I ran a few numerical experiments using scipy's "rosen" test function [1] as the objective, in D=10,000 dimensions. This function has a unique global minimum of 0 which is attained at x* = 1_D. I set the initial guess as x0 := x* + eps_i, where for each element i=1,...d, eps_i is noise sampled from N(0, 0.05)
Repeating this over 100 trial problems, using the same initial guess x0 across each method during each trial, the average number of gradient evaluations required for convergence was
'cg': 248
'l-bfgs-b': 40
'm-001-99': 3337
All methods converged in 100 / 100 trials.m-001-99 is gradient descent with momentum using alpha=0.001 and beta=0.99 . Setting alpha=0.002 or higher causes momentum to fail to converge.
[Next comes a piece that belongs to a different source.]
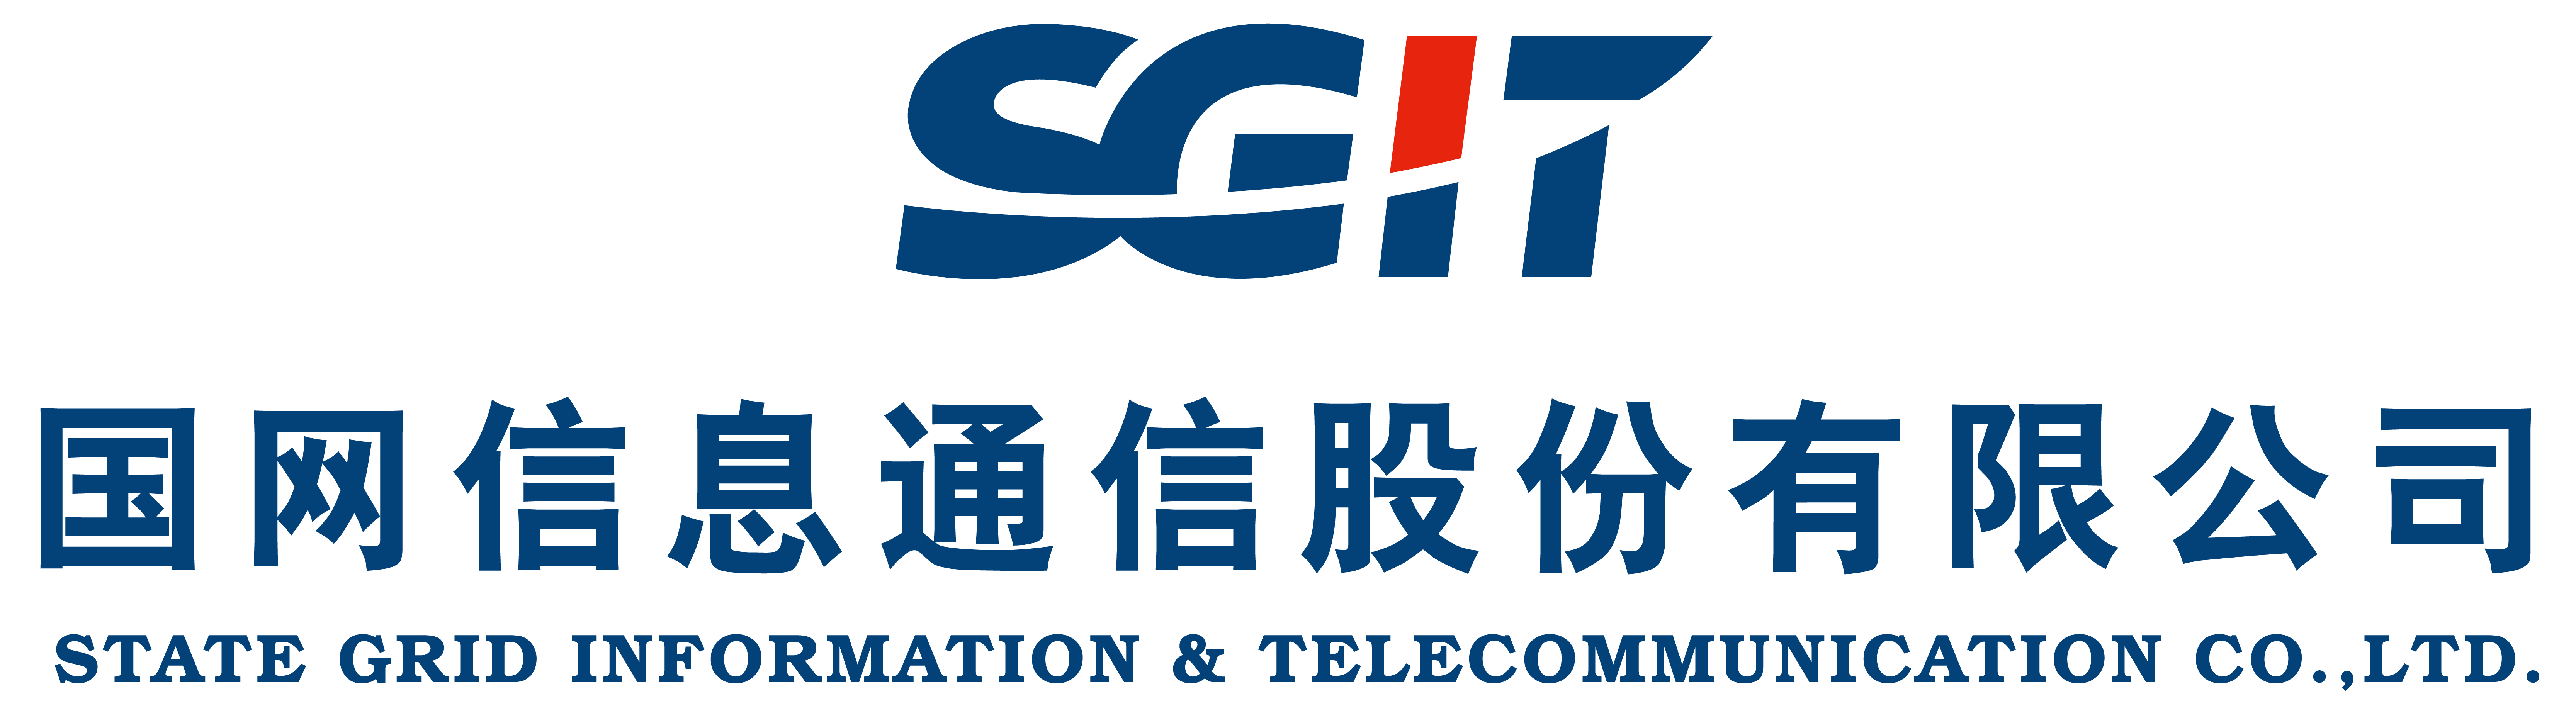 国网信通logo.png
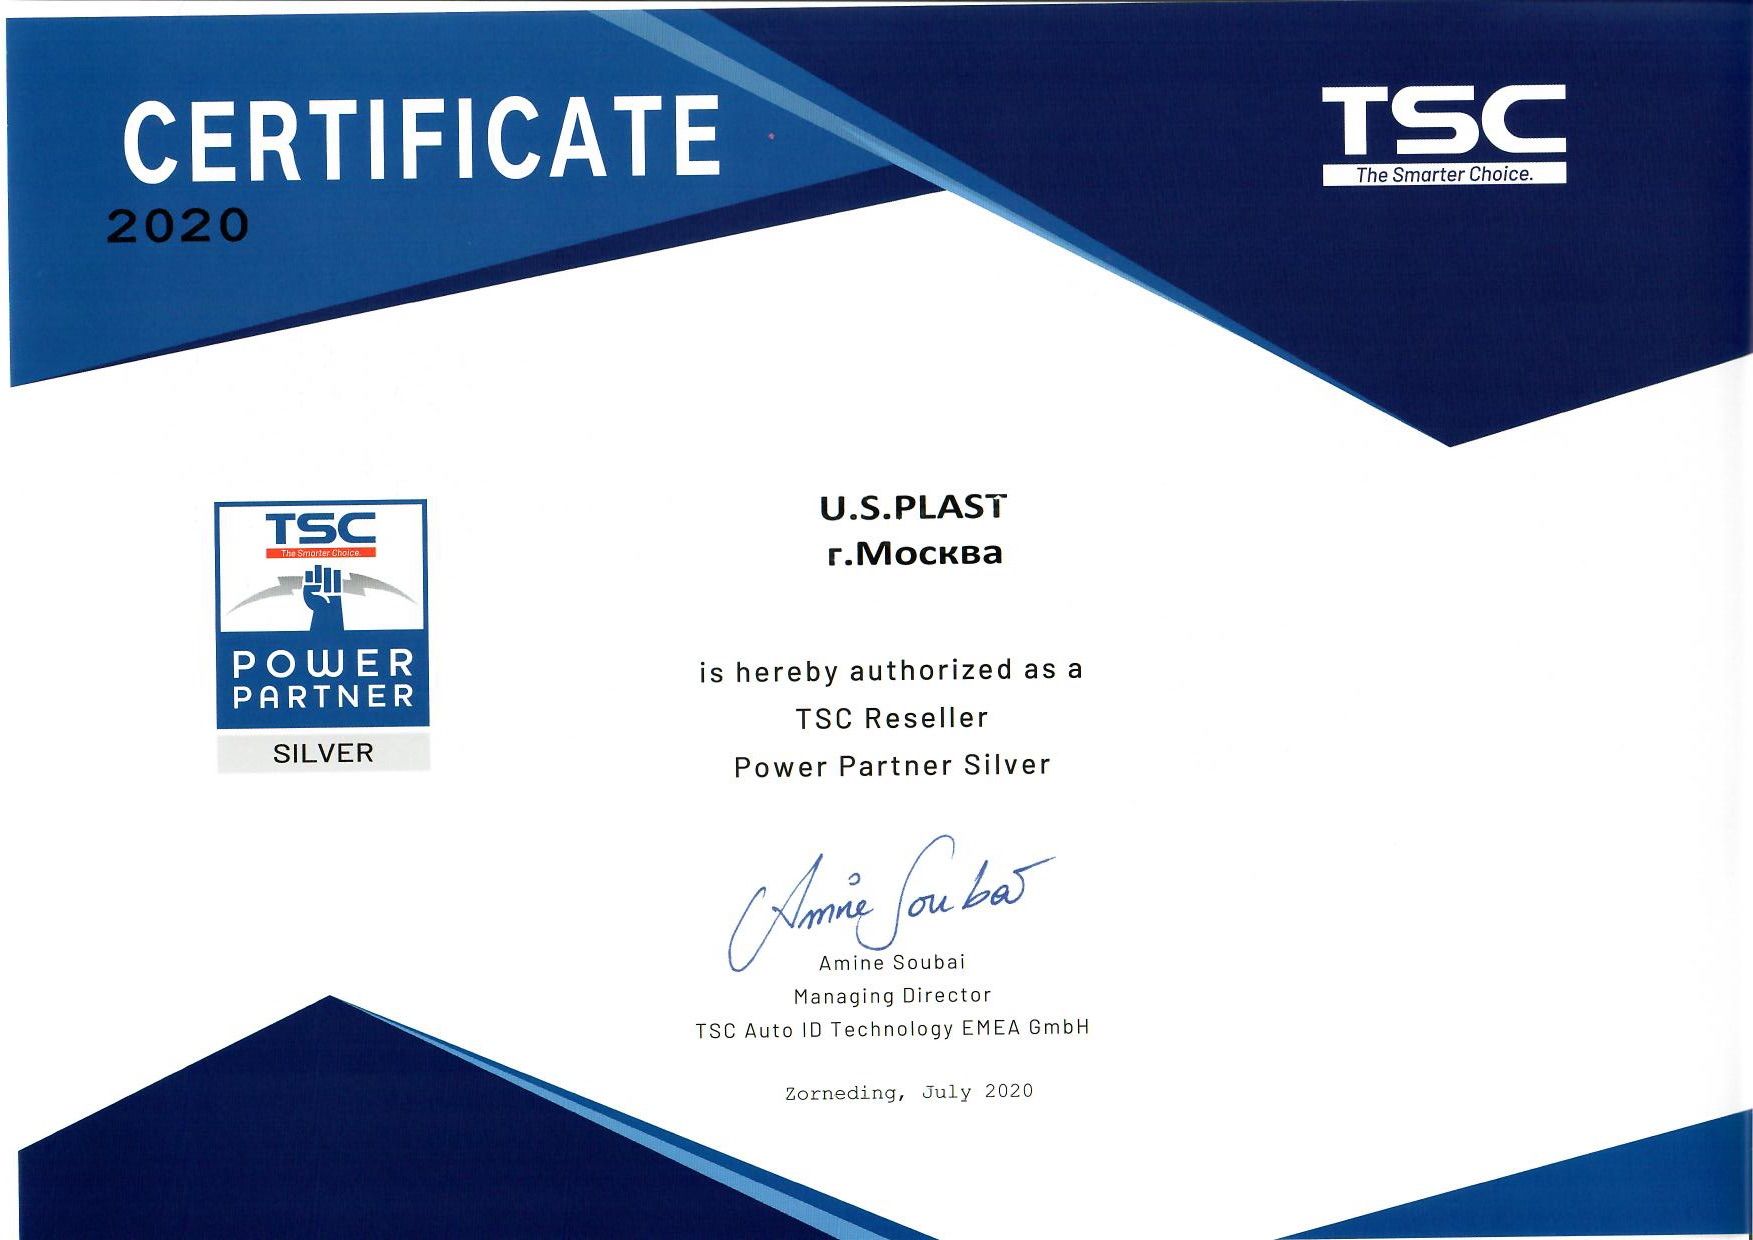 ООО "Ю.С. ПЛАСТ" - официальный партнер компании TSC (Taiwan Semiconductor)

The other two methods are scipy's cg & l-bfgs-b methods using default parameters (again, under the hood these two methods rely on a port of MINPACK2's dcsrch to determine the step size along the descent direction during each iteration, they're not using momentum updates or a fixed step size). I used l-bfgs-b instead of bfgs to avoid maintaining the dense D*D matrix for the approx inverse Hessian.
One point in momentum's favour was robustness to higher noise levels used to generate the initial guess -- if the noise level used to define the initial guess x0 is increased to N(0, 1) then I see the cg & l-bfgs-b methods fail to converge in around 20% of trial problems, while momentum fails a lower fraction of the time provided the fixed step size is set small enough, but still requires a very large number of gradient evaluations to converge.
[1] https://docs.scipy.org/doc/scipy/reference/generated/scipy.o...
Why Momentum Works - https://news.ycombinator.com/item?id=14034426 - April 2017 (95 comments)
Gwern is correct in his prior quote of how long these articles took. I think 50-200 hours is a pretty good range.
I expect AI assistants could help quite a bit with implementing the interactive diagrams, which was a significant fraction of this time. This is especially true for authors without a background in web development.
However, a huge amount of the editorial time went into other things. This article was a best case scenario for an article not written by the editors themselves. Gabriel is phenomenal and was a delight to work with. The editors didn't write any code for this article that I remember. But we still spent many tens of hours giving feedback on the text and diagrams. You can see some of this in github - e.g. https://github.com/distillpub/post--momentum/issues?q=is%3Ai...
More broadly, we struggled a lot with procedural issues. (We wrote a bit about this here: https://distill.pub/2021/distill-hiatus/ ) In retrospect, I deeply regret trying to run Distill with the expectations of a scientific journal, rather than the freedom of a blog, or wish I'd pushed back more on process. Not only did it occupy enormous amounts of time and energy, but it was just very de-energizing. I wanted to spend my time writing great articles and helping people great articles.
(I was recently reading Thompson & Klein's Abundance, and kept thinking back to my experiences with Distill.)